## Records for processing
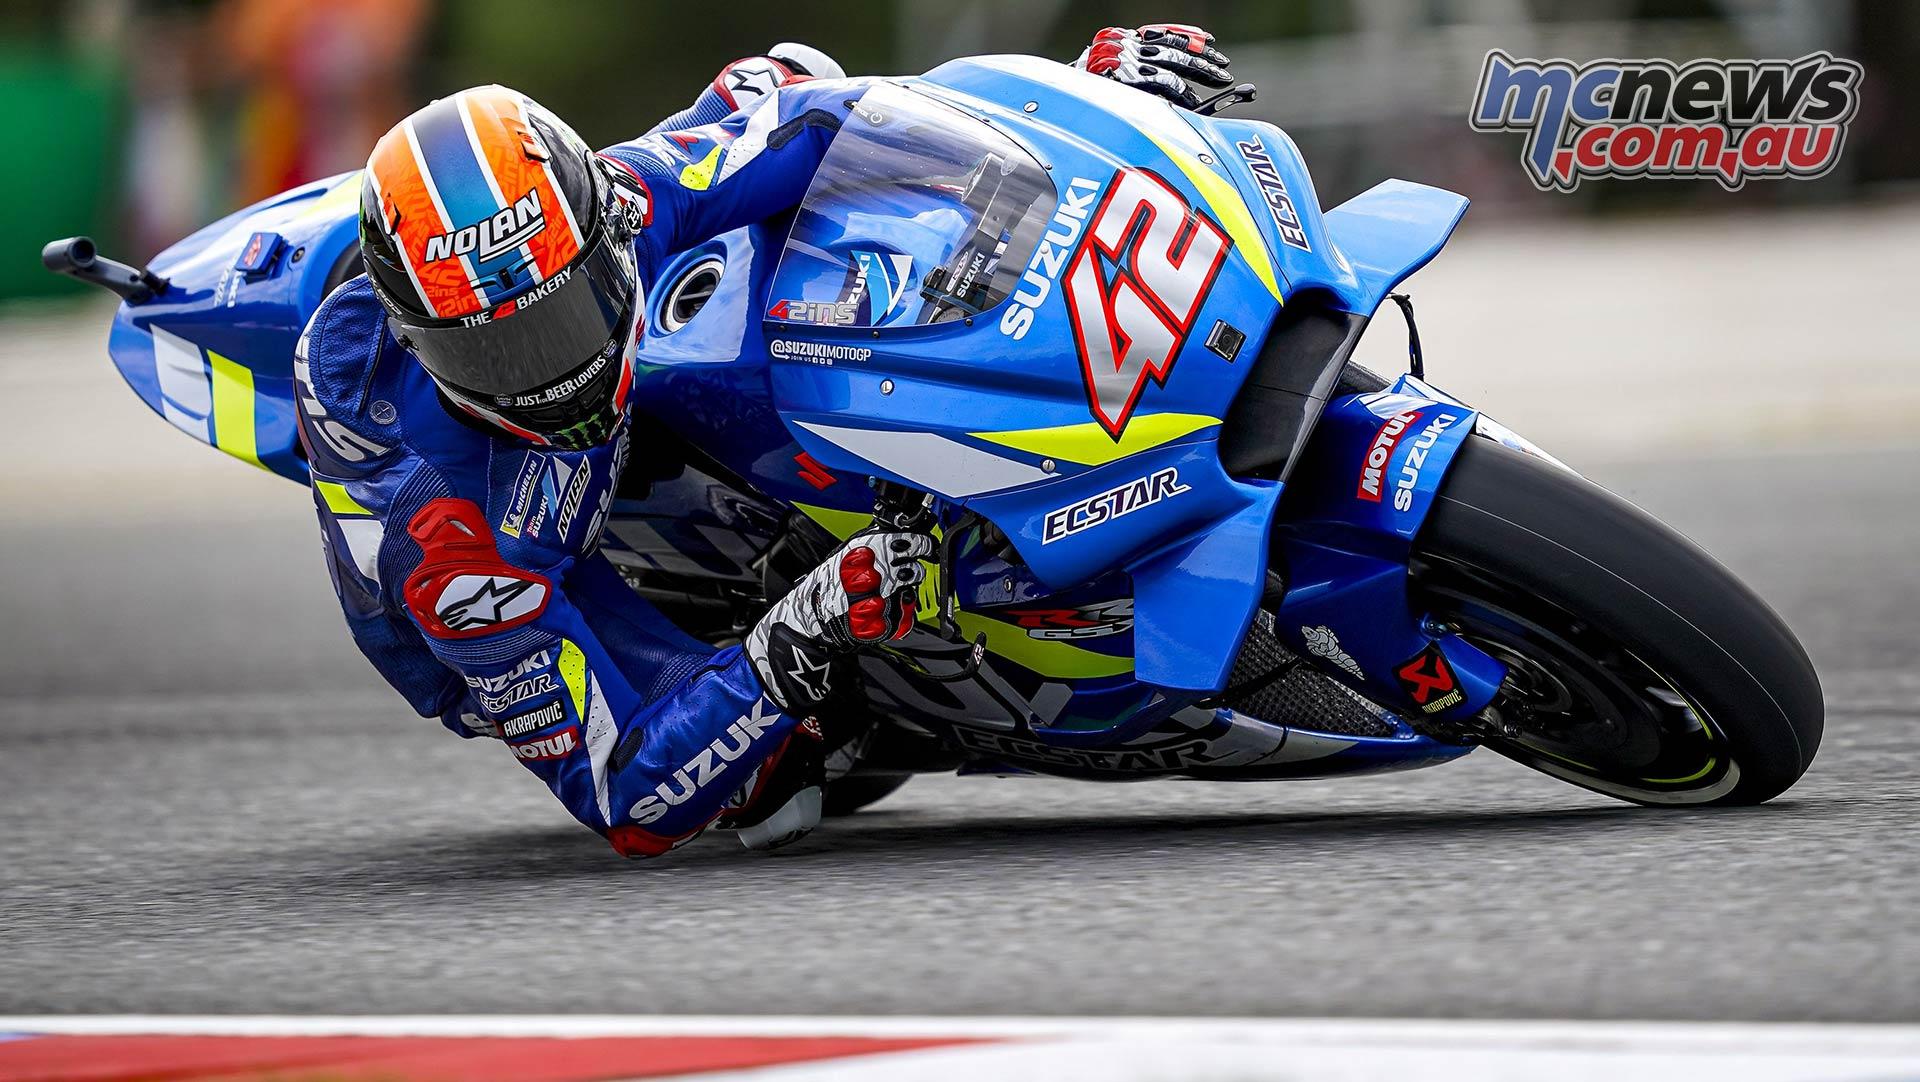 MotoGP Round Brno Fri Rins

--

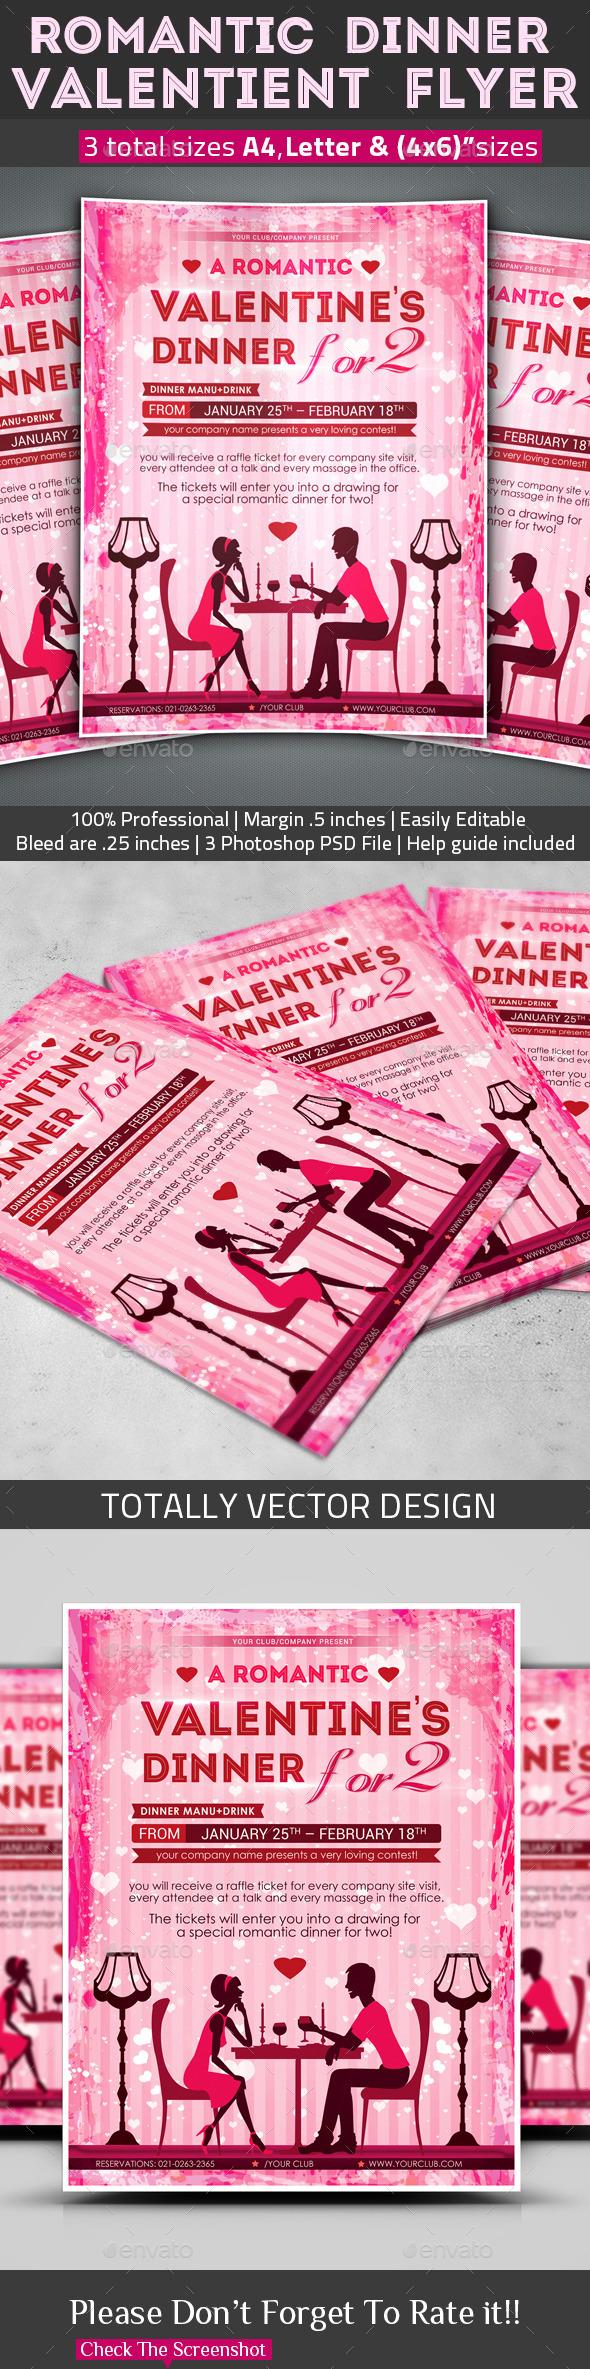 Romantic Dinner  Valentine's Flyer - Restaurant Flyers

==

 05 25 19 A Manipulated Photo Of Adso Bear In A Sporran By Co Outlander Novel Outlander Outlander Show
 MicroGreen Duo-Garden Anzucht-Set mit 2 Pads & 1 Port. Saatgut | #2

## Activity
Of the entries above, repeat exactly the lines between the line with "05 25 19 A Manipulated" and the line with "MicroGreen Duo-Garden Anzucht-Set", inclusive, and no others.

## Answer section
 05 25 19 A Manipulated Photo Of Adso Bear In A Sporran By Co Outlander Novel Outlander Outlander Show
 MicroGreen Duo-Garden Anzucht-Set mit 2 Pads & 1 Port. Saatgut | #2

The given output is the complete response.